Soon, Abundance expanded to Mondays, and its menu expanded, too, staying true to Liu Fang’s Chinese roots while also incorporating local flavors.
In April, after a wildly successful residency at Larder, Abundance said goodbye to the popup life and moved into a home of its own. Chef Douglas Katz, owner of Amba and Zhug, offered them rental space in his diner in Cleveland Heights, also partially occupied by Rising Star Coffee Roasters.
(Photo by Daniel Lozada)
When you walk through the doors of Abundance’s and Rising Star’s shared diner space, it’s at first an almost jarringly peculiar combo: a kitschy, 1950s-era American diner serving up authentic, elegant Chinese food alongside minimalist, modern coffee. Once you’ve settled in, though, you realize how charmingly Cleveland it all is.
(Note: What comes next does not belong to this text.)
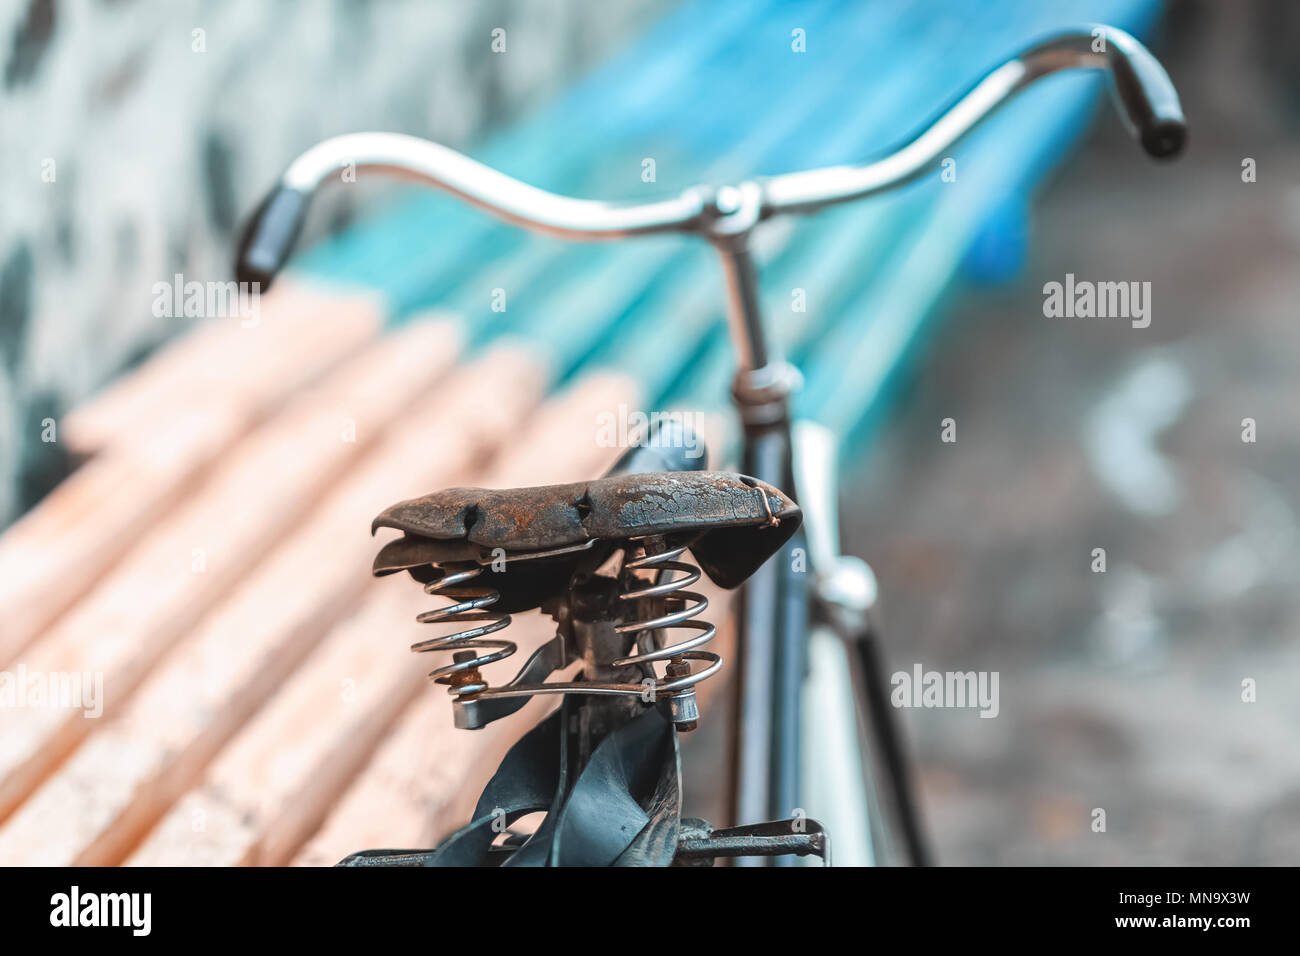 Ein altes Fahrrad mit einer Feder Stoßdämpfer. Vintage Fahrrad auf der Steinmauer Hintergrund. Stockfoto

Liu Fang has adapted to cooking Chinese food in a kitchen outfitted with distinctly Western equipment, one with limited space and no woks. She’s also overcome a major initial challenge: lack of access to Sichuan peppercorn, a cornerstone of Chinese cuisine and an ingredient she couldn’t go without.
For decades, it was illegal to import to America because it carries a bacteria called citrus canker, which scars the peels of oranges.
The ban was lifted in 2004, but the way it’s stored and shipped changes its flavor and renders it more dried spice than fresh produce. Liu Fang, not content to use a subpar ingredient, took the initiative to create an alternative.
In their brewery days, they had partnered with Chinese farmers to change the way peppercorns were packaged and shipped, which enabled them to use it in their beers. In Ohio, Liu Fang reached out to those same farmers, who agreed to ship to her directly.
“Now she literally has the best source of Sichuan peppercorns in the world,” Umansky says. “That’s the kind of quality standard she’s set for her food.”
That level of excellence means that Abundance’s food is unparalleled. Now, she’s introducing local diners to a style of Chinese cuisine that previously hasn’t existed in Northeast Ohio — or anywhere in the U.S.
“One of the most exciting things for me is when people say they didn’t know that Chinese food could taste or look this way,” says Liu Fang, proud yet ever humble.